AGRICULTURE

Grant County hog facility gets one state water permit

ff_admin
Farm Forum

PIERRE — The developer of a pork complex planned for Grant County received a state well permit on July 9 from the South Dakota Water Management Board.

None of the past opponents intervened. Recently, the South Dakota Supreme Court ruled in favor of the Grant County Board of Adjustment whose members granted the conditional-use permit.

Teton LLC intends to build and operate what’s known as a CAFO — concentrated animal feeding operation — that would house 6,616 “finisher” swine heavier than 55 pounds and 1,200 smaller “nursery” swine.

On July 9, the state board conducted an informal proceeding on two water permits sought by the Pipestone, Minn.-based group for the project.

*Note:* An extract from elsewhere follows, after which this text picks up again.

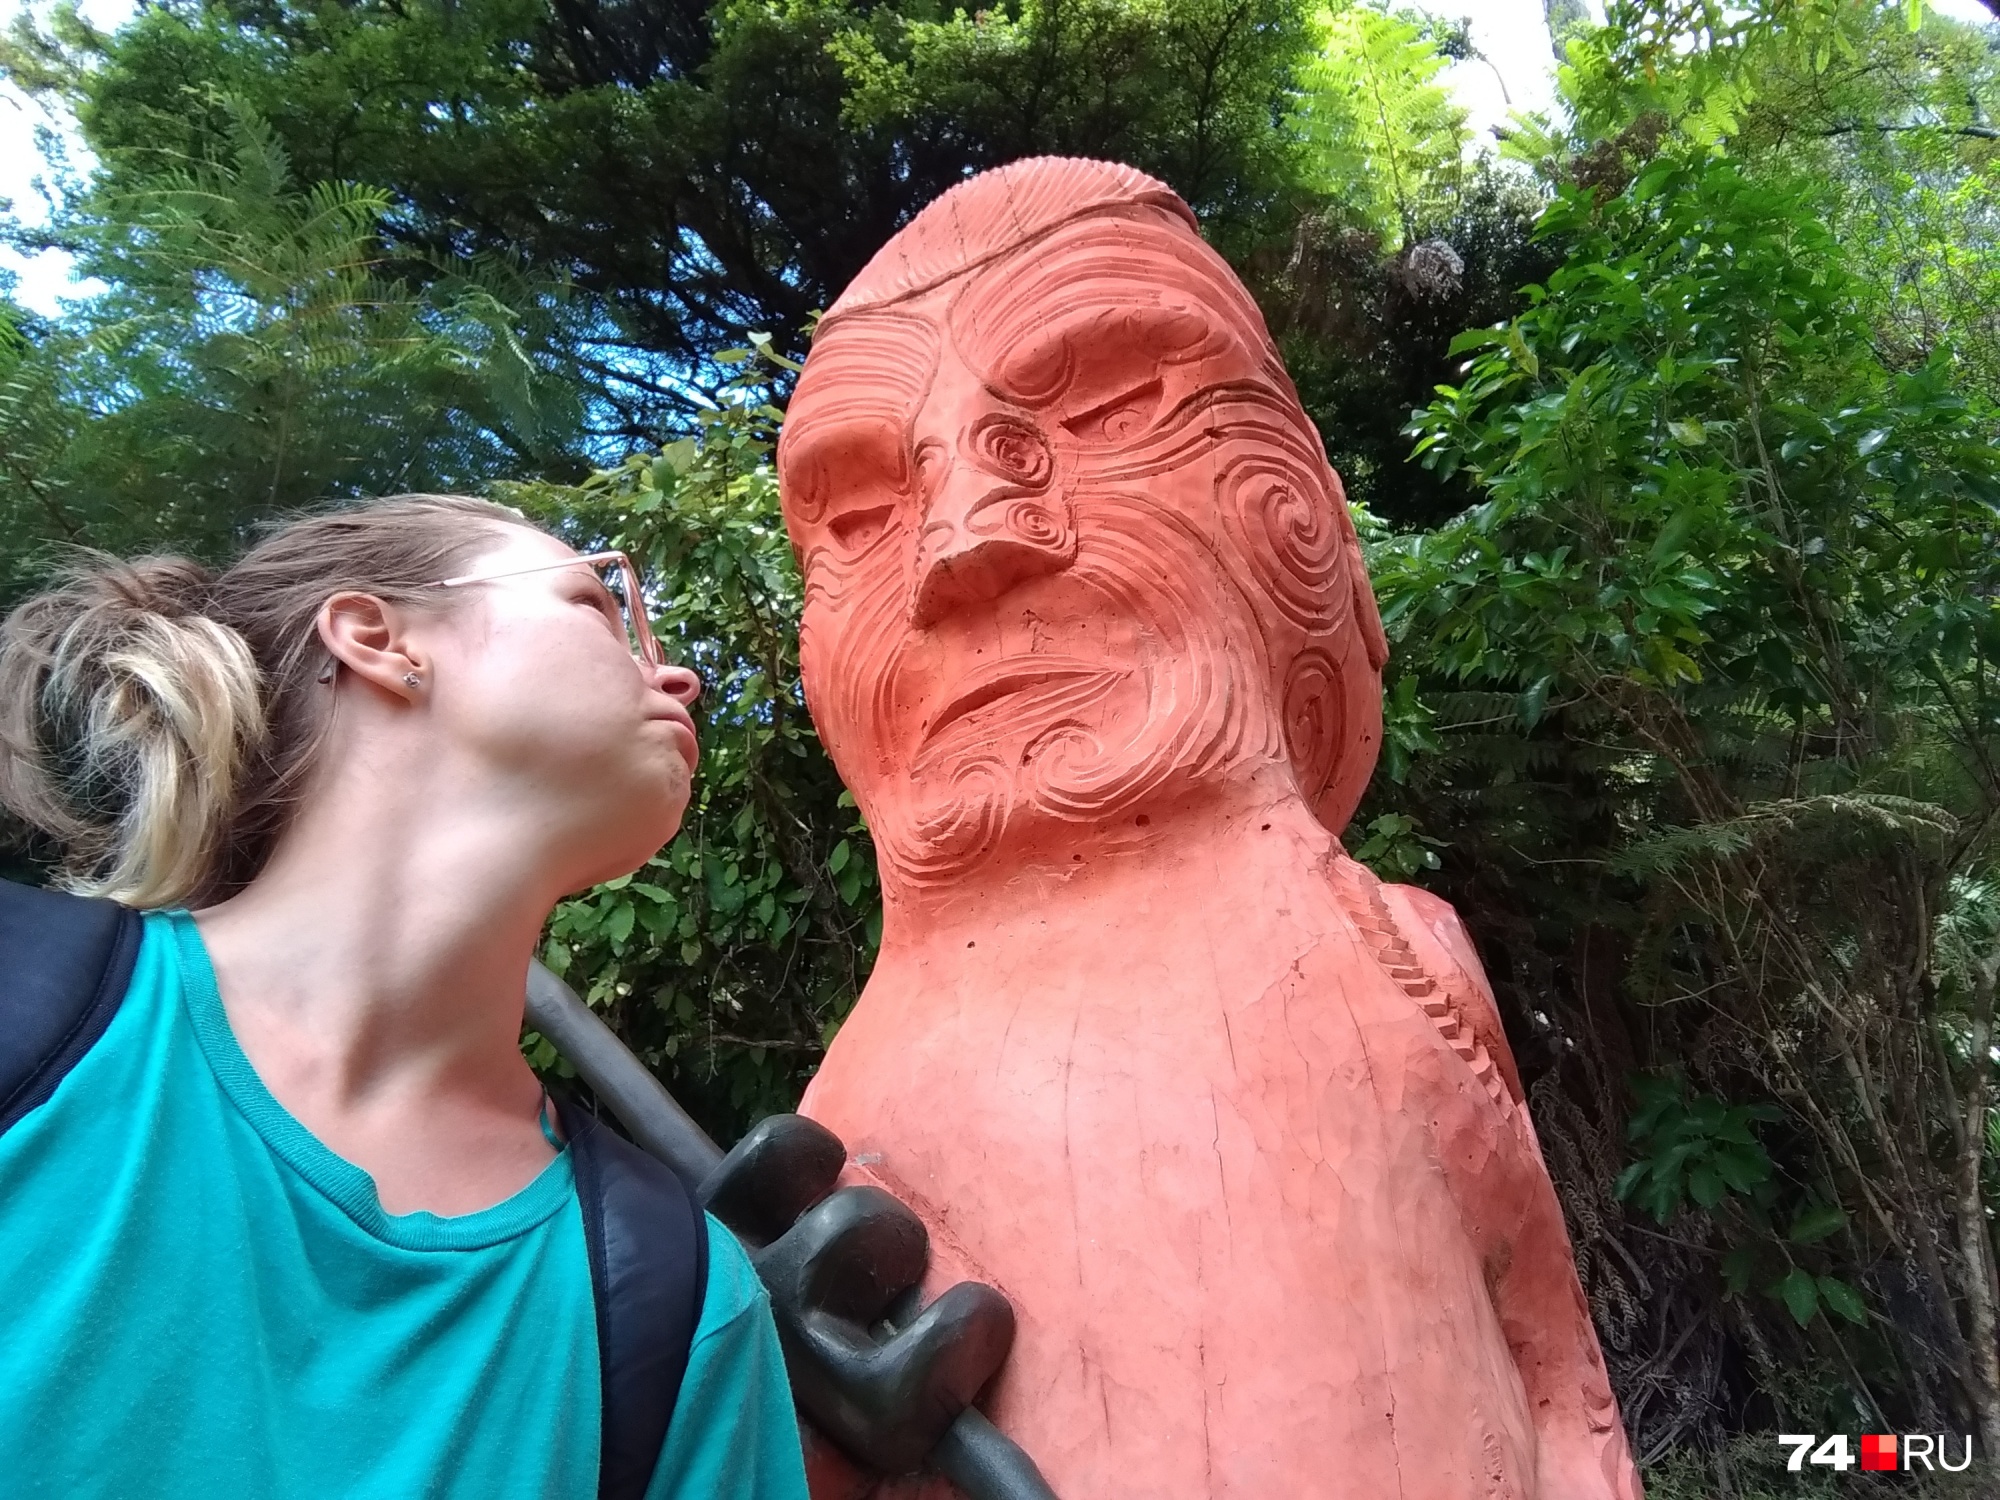 Наташа с фигурой маорийского воина, который борется за свои духовные ценности

A full hearing was scheduled, because of the expectation that opponents would contest the permit.

The intense zoning fight didn’t carry over to the water issue, however.

The state board approved a permit to draw 22.4 acre-feet of water per year from the Veblen aquifer, as the state’s chief water-rights engineer, Jeanne Goodman, recommended.

But the board also agreed with Goodman’s other recommendation to defer a second permit application for up to one year because there isn’t enough data yet about the Granite Wash aquifer.

Teton can use a well it already has in the Granite Wash aquifer, but the total withdrawal from there and the wells in the Veblen aquifer can’t exceed 18 acre-feet combined per year.

That is the maximum allowed under what South Dakota law calls reasonable domestic use and doesn’t require a state permit.